• YOUR GOAL: Give back the data exactly, with no images.

• INFORMATION SUPPLIED:
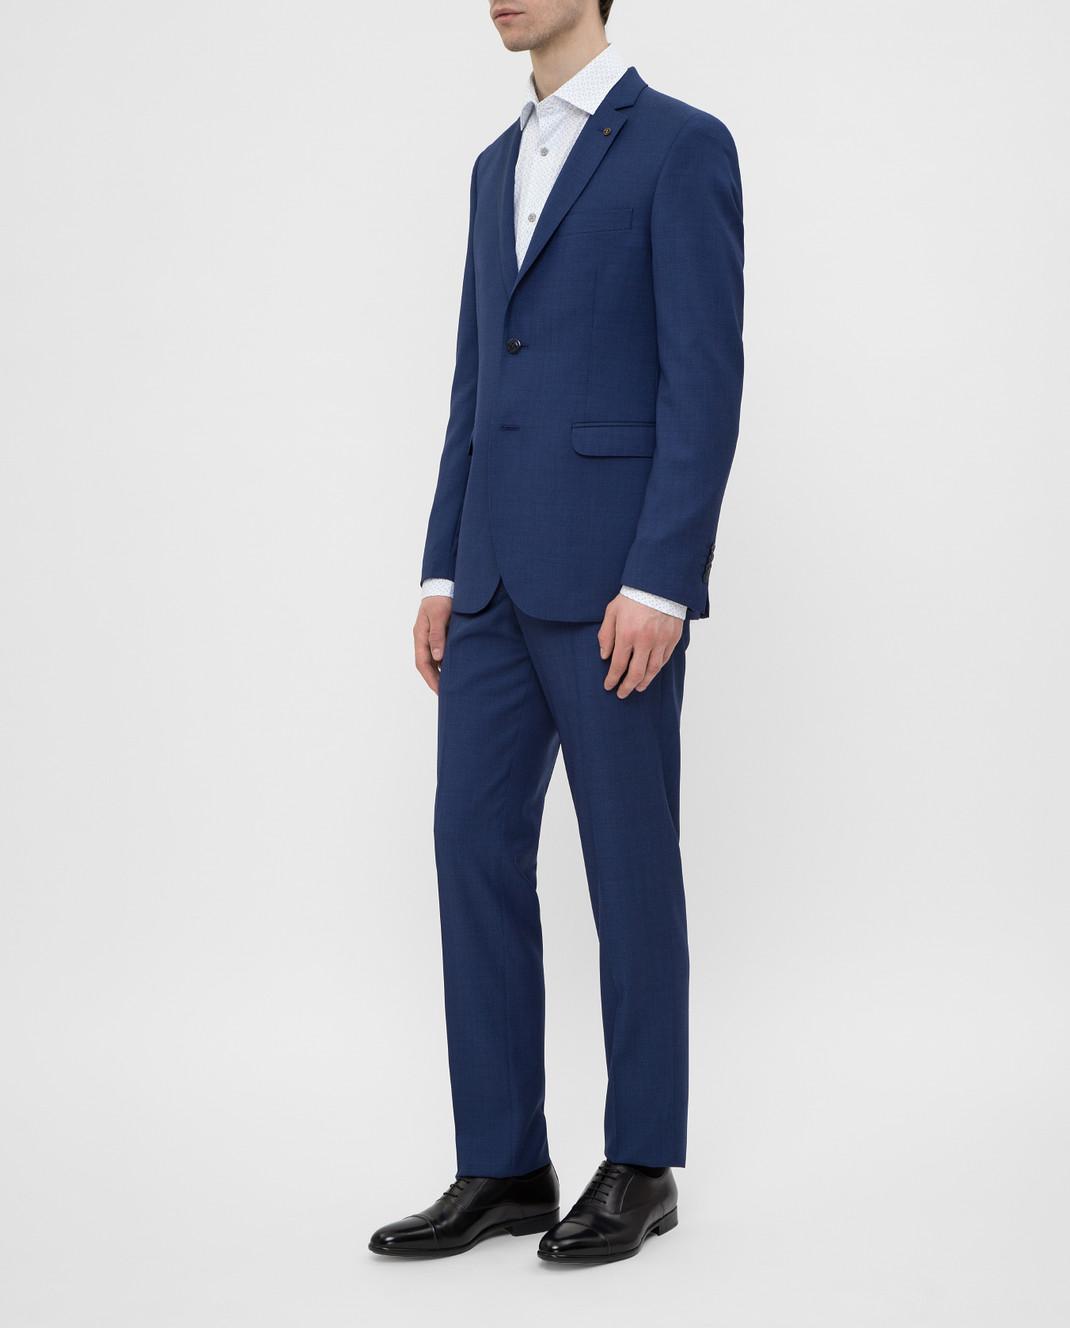 Florentino Синий костюм из шерсти изображение 3
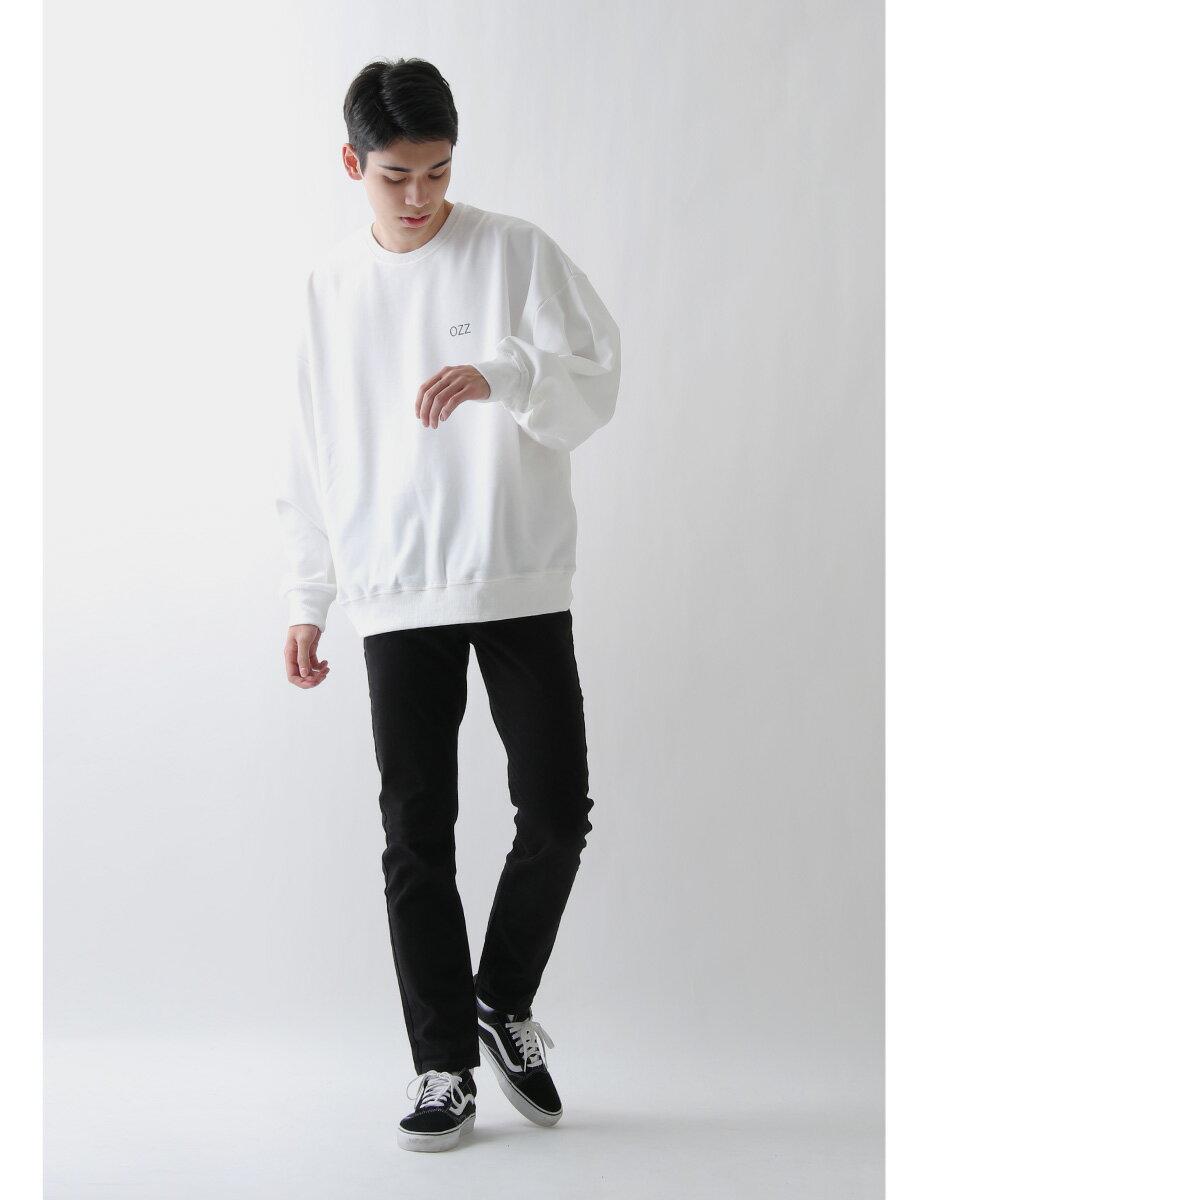 寬版運動衫 照片印刷設計 6
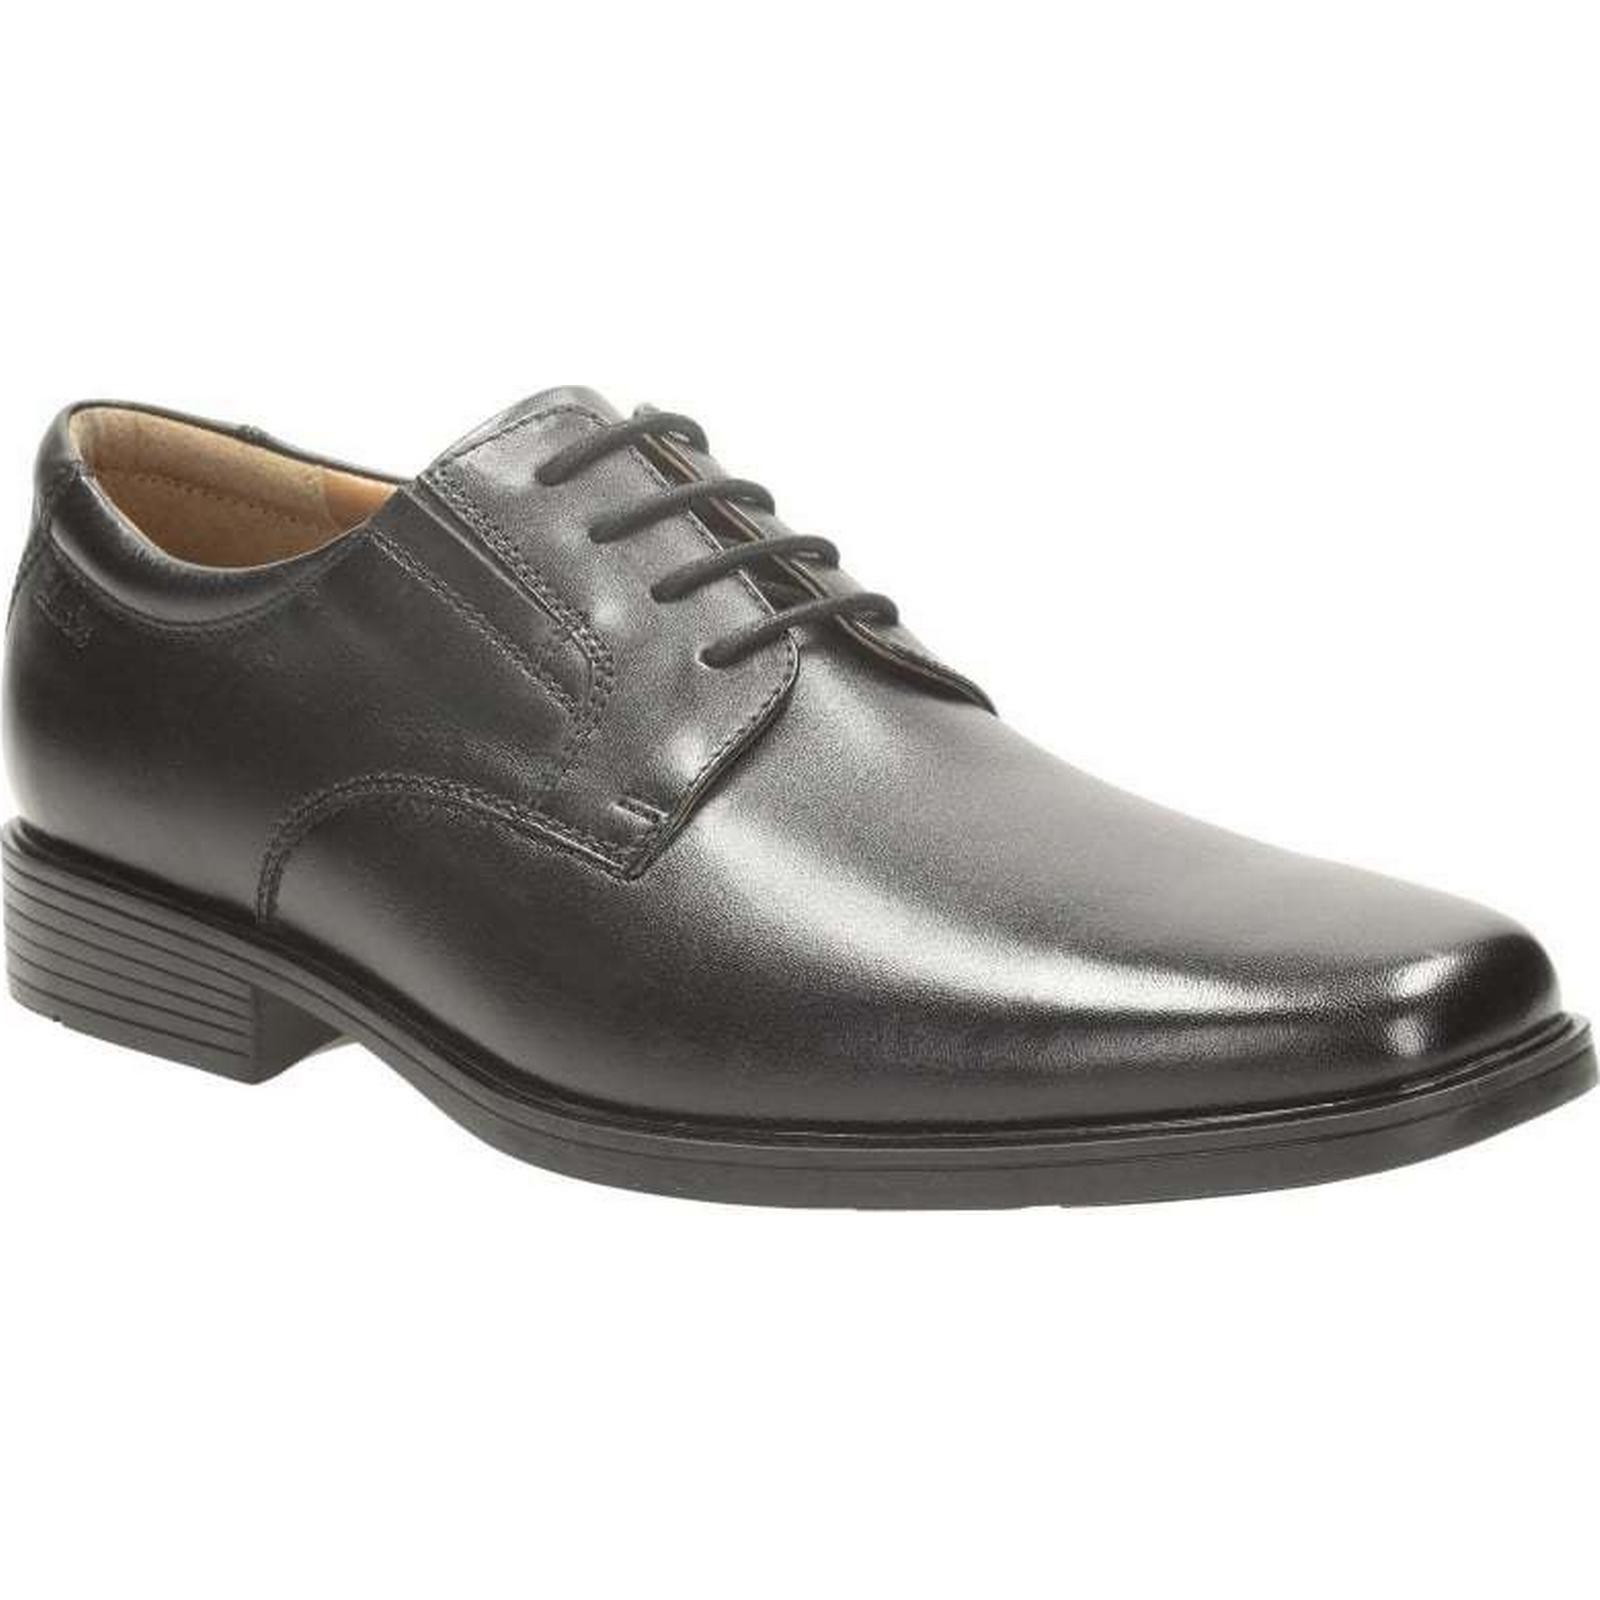 Clarks Tilden Plain - Size: Black Leather Size: - 7 UK d2862d
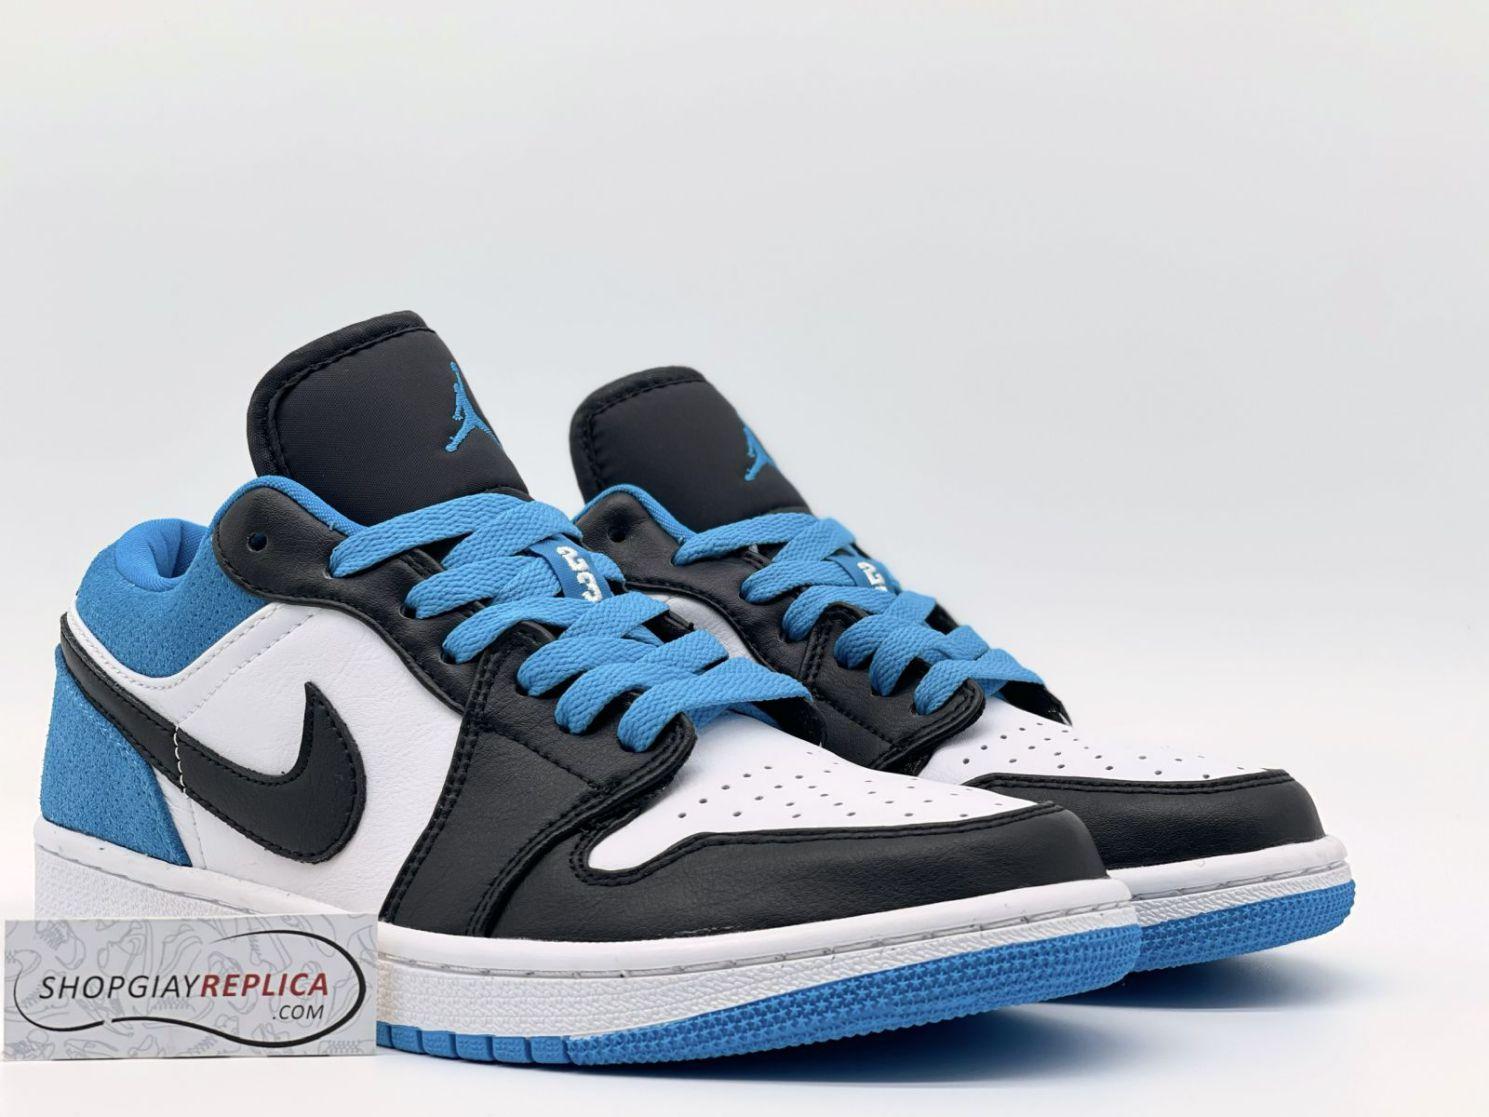 Air Jordan 1 Low Laser Blue

• EXPECTED ANSWER:
 Florentino Синий костюм из шерсти изображение 3
 寬版運動衫 照片印刷設計 6
 Clarks Tilden Plain - Size: Black Leather Size: - 7 UK d2862d
 Air Jordan 1 Low Laser Blue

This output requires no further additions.